■ **What you are asked to do**:
With the pictures removed, the data below must be transcribed in full and exactly.

■ **Data below**:
####

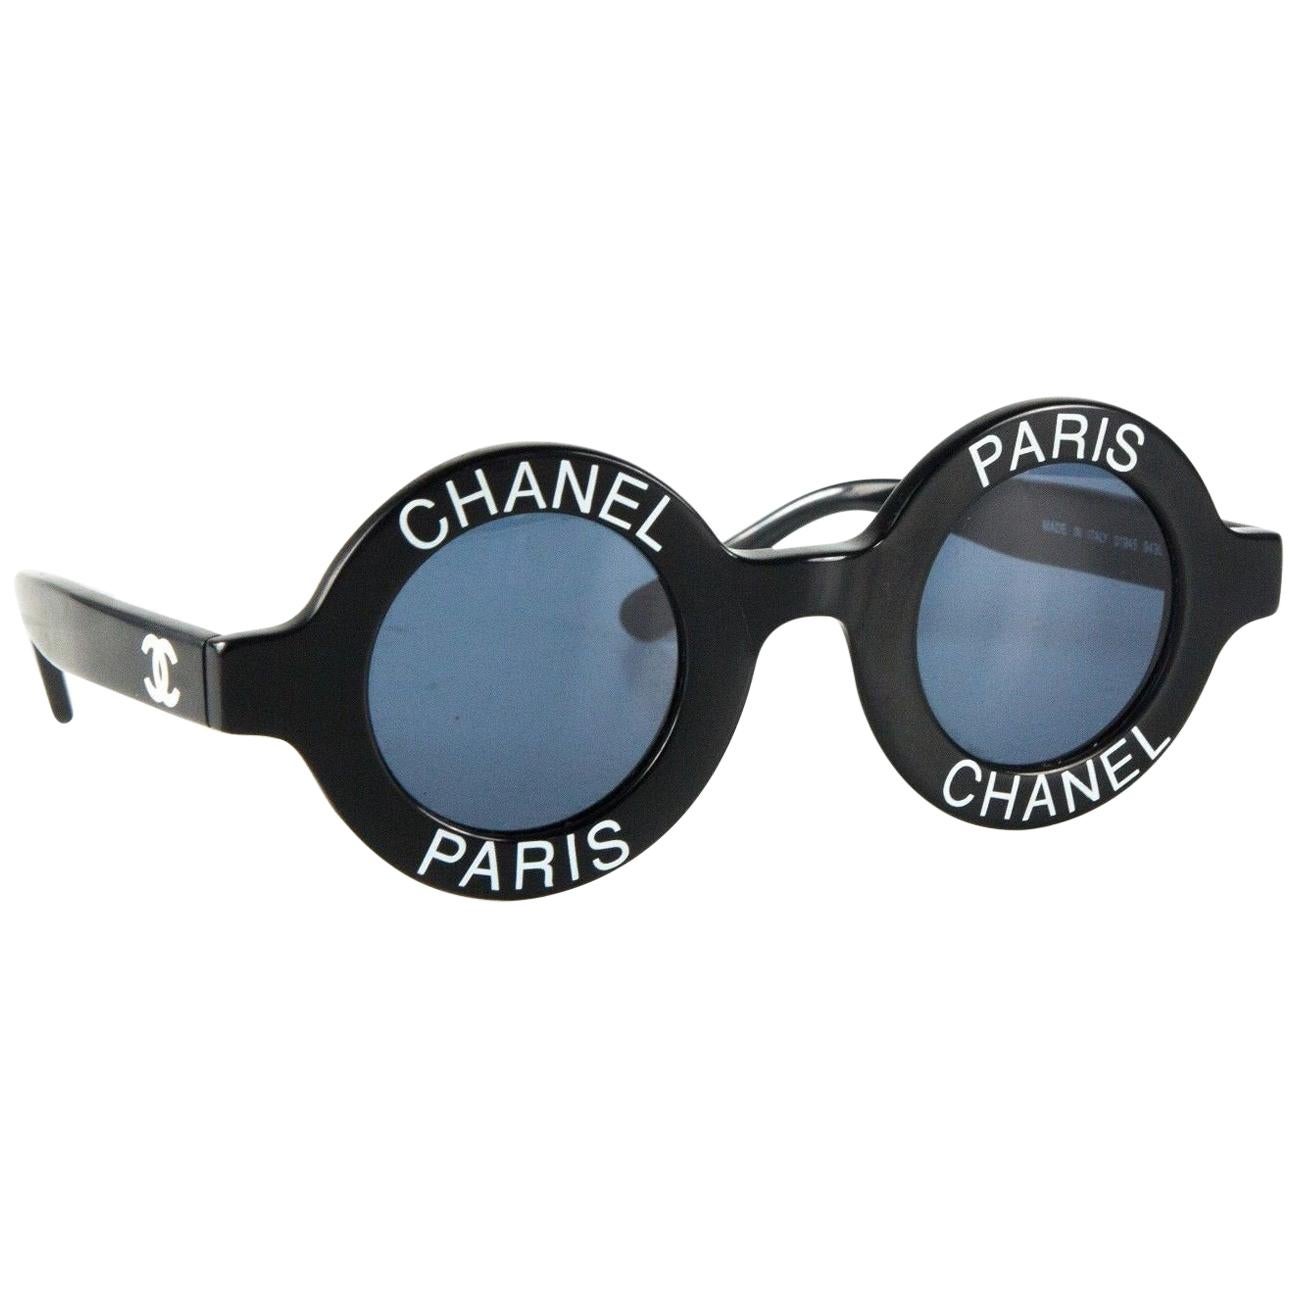 Chanel Sunglasses CC Logos Eye Wear Black Chanel Sunglasses
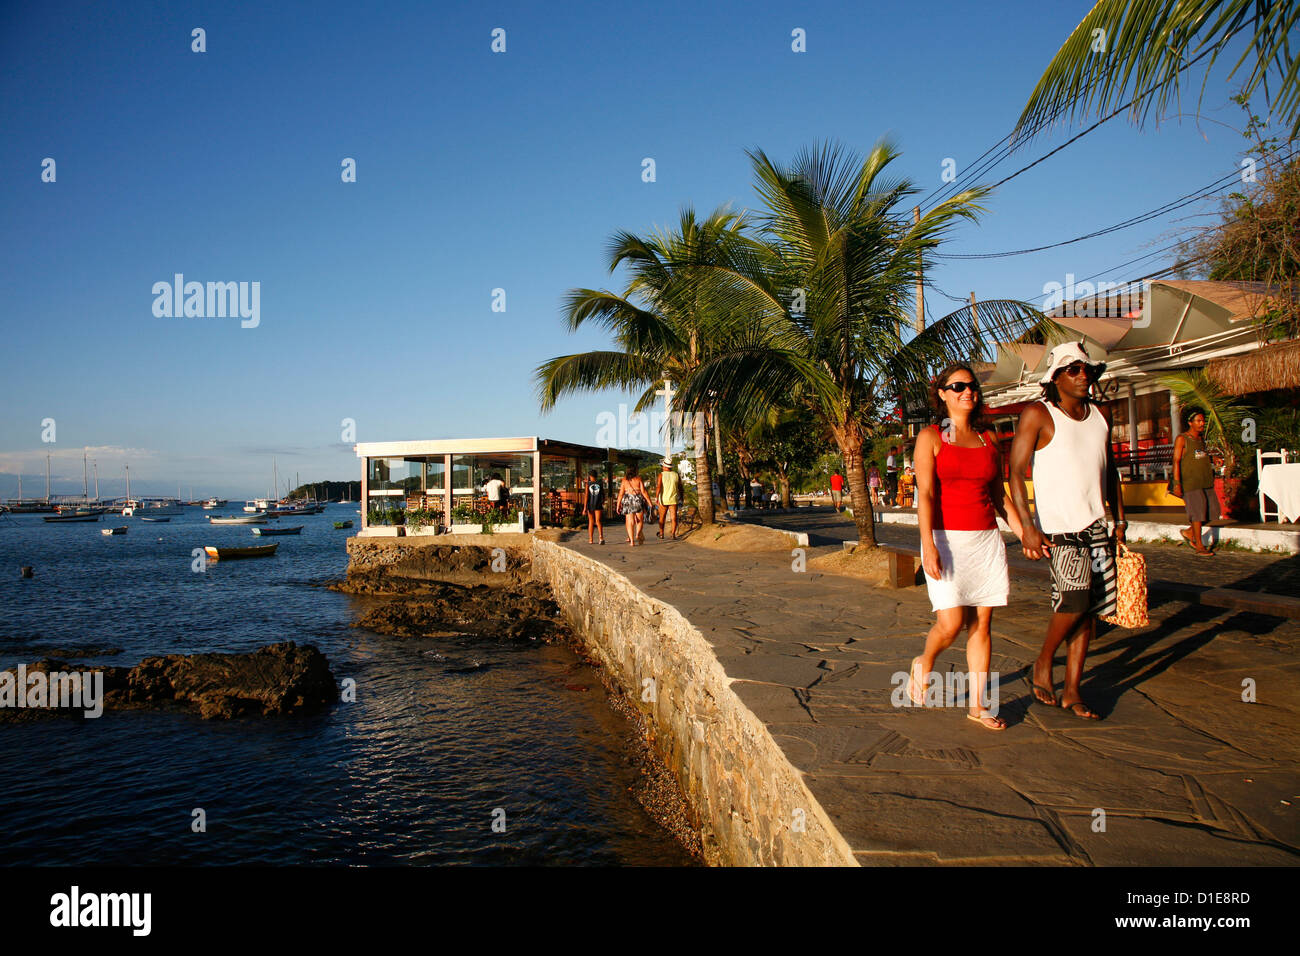 People walking on Orla Bardot promenade, Buzios, Rio de Janeiro State, Brazil, South America Stock Photo
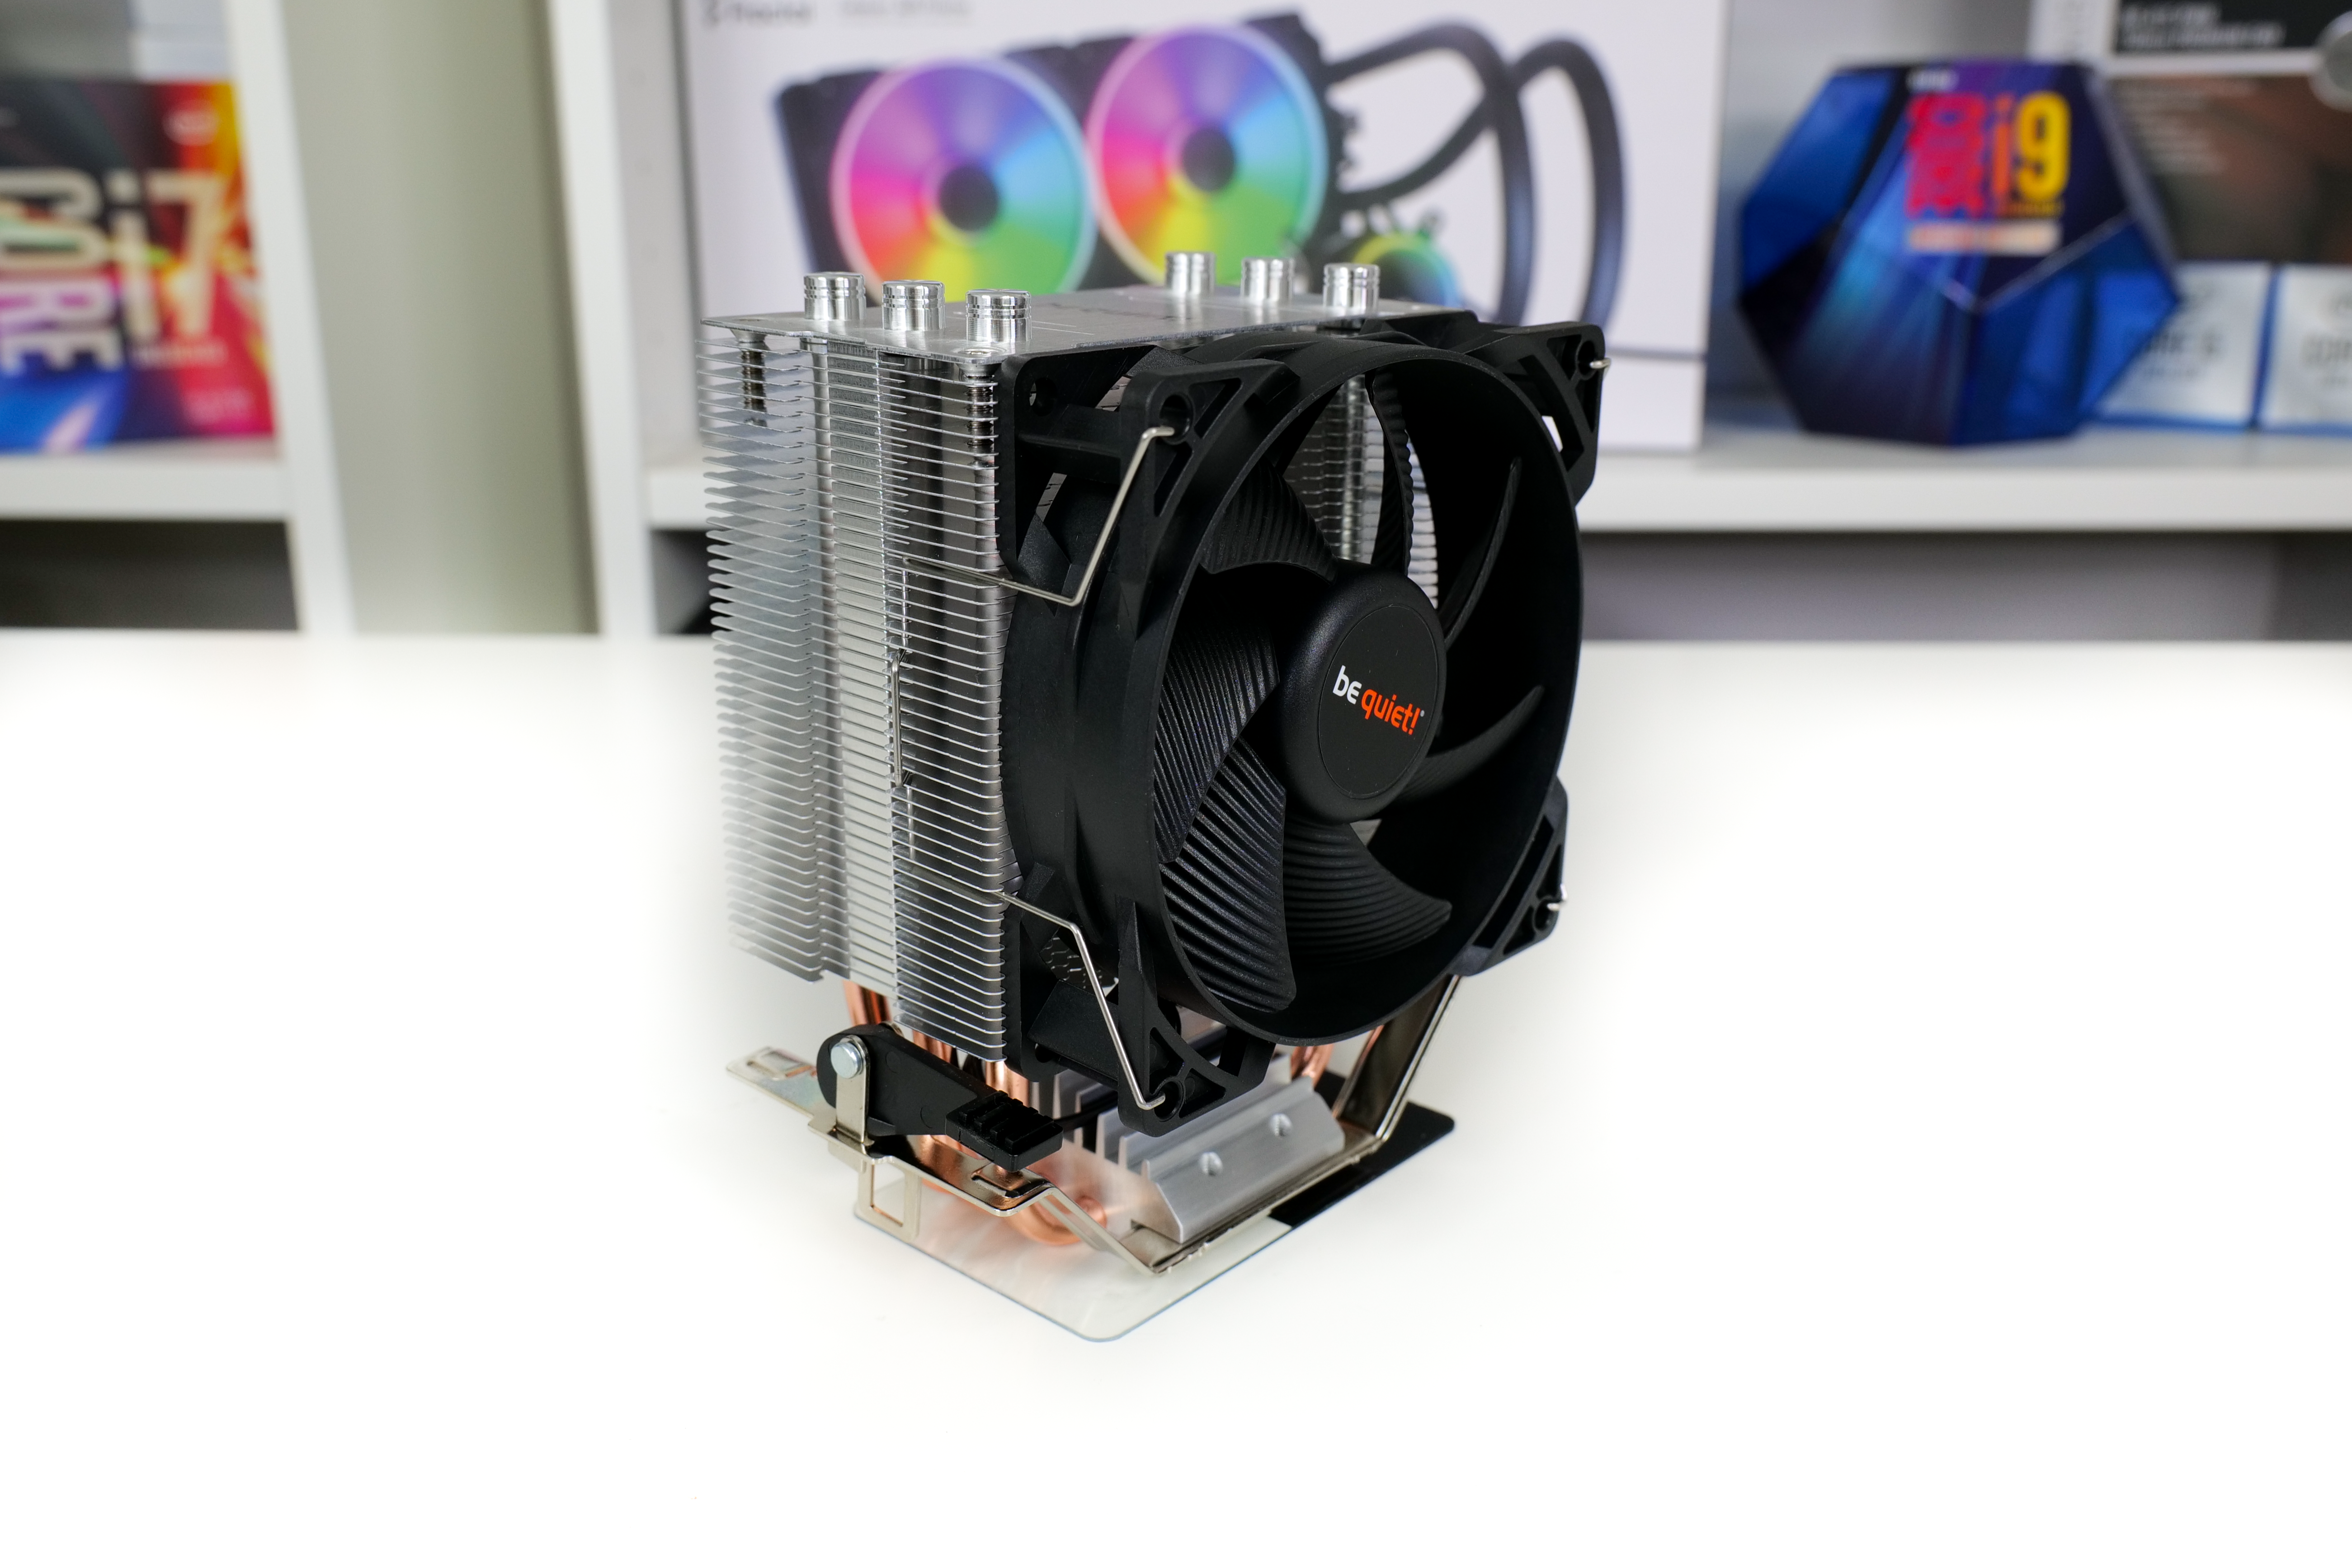 dark regulate Incubus be quiet! Pure Rock Slim 2 CPU Cooler Review | KitGuru

####

■ **Response area**:
 Chanel Sunglasses CC Logos Eye Wear Black Chanel Sunglasses
 People walking on Orla Bardot promenade, Buzios, Rio de Janeiro State, Brazil, South America Stock Photo
 dark regulate Incubus be quiet! Pure Rock Slim 2 CPU Cooler Review | KitGuru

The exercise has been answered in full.